Online Program

Return to main conference page
Friday, February 16
CS04 Working with Messy Data Fri, Feb 16, 9:15 AM - 10:45 AM
Salon E

Doing Data Linkage: A Behind-the-Scenes Look (303529)

View Presentation View Presentation

Lisa B. Mirel, National Center for Health Statistics, CDC 
*Clinton J. Thompson, National Center for Health Statistics, CDC 

Keywords: mortality linkage, NCHS, NDI

Linking survey and vital or administrative records is complicated. The steps outlined in the record linkage literature include cleaning and standardizing the input data sources, determining match weights and score cutoffs, and finalizing a file. The practice of data linkage, however, is messy and non-linear and includes tasks not prominently featured in the literature: managing large databases (without Big Data tools), comparing analysis results between current and past linkages, and communicating summary data to a diverse team.
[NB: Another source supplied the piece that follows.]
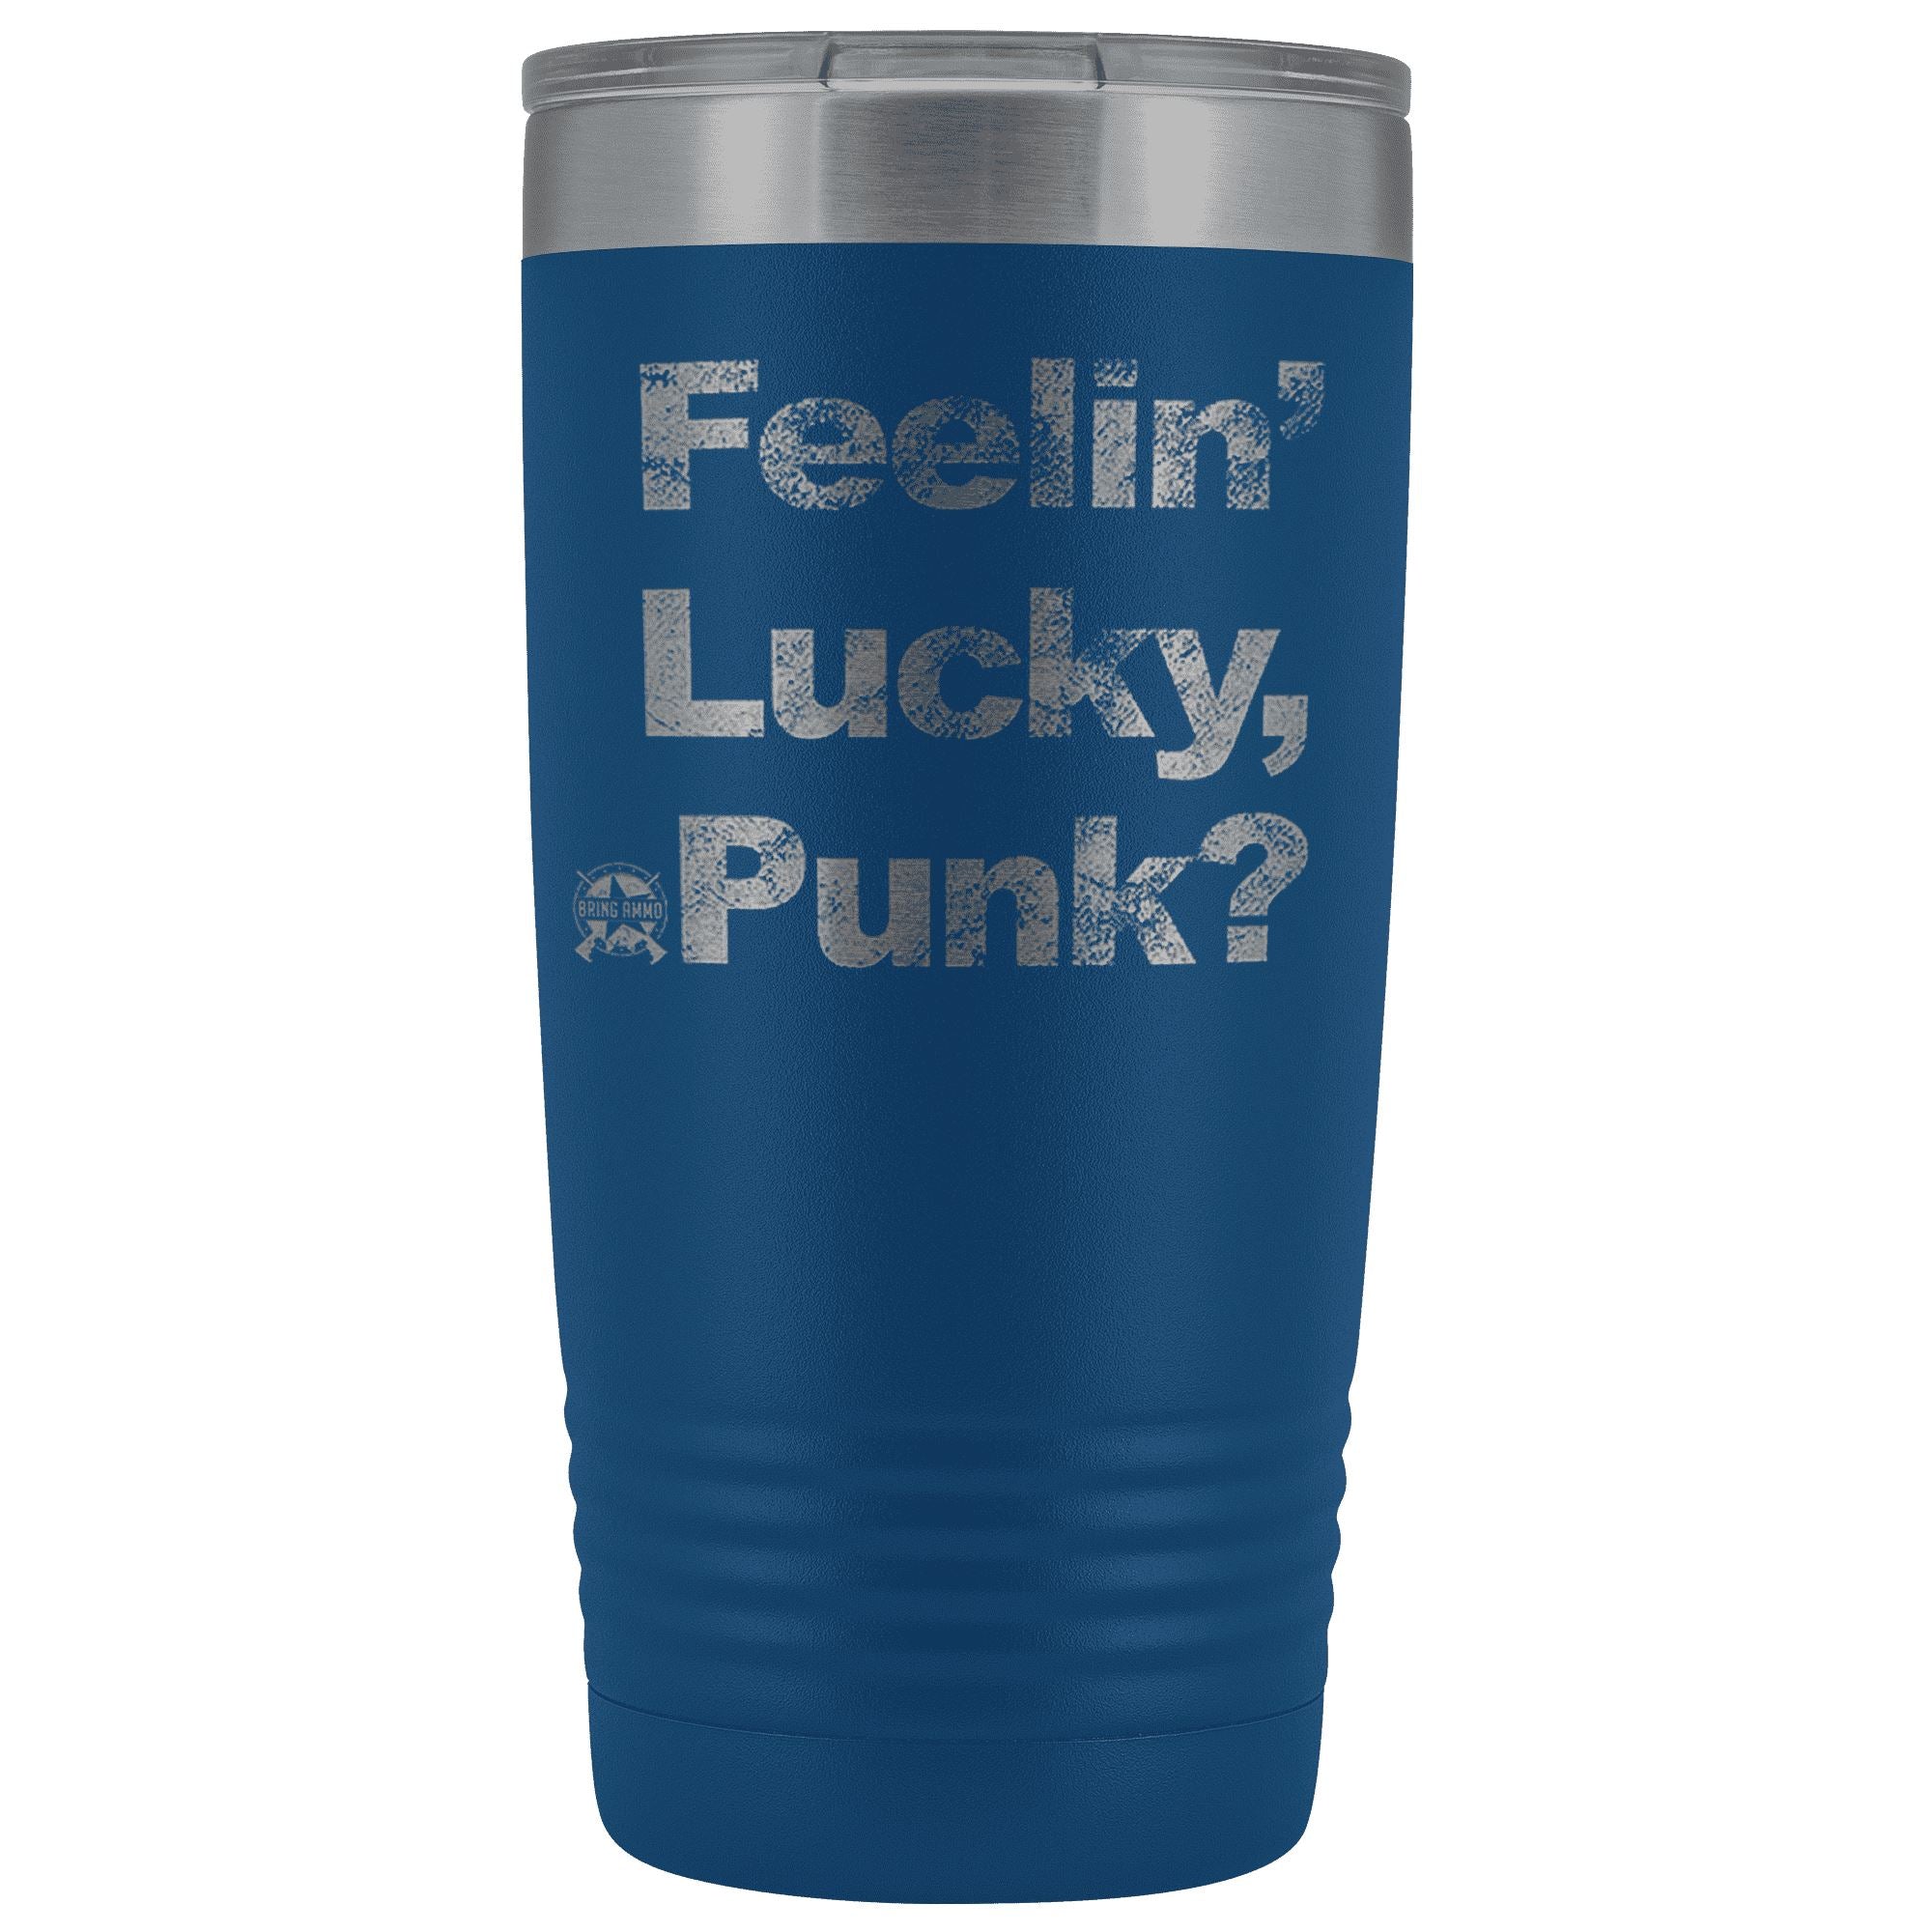 Feelin' Lucky, Punk? Dirty Harry Stainless Etched Tumbler Tumblers Blue

Using the NCHS surveys linked to the National Death Index (NDI) as an example, this talk will discuss these practical aspects of data linkage from the perspective of one practitioner to another. We will explore the necessity to use multiple statistical programs, the use of visual dashboards for concisely presenting results to a team, and discuss how all of these aspects combined are part of the process to create a final linked file. We will conclude with possible enhancements moving forward.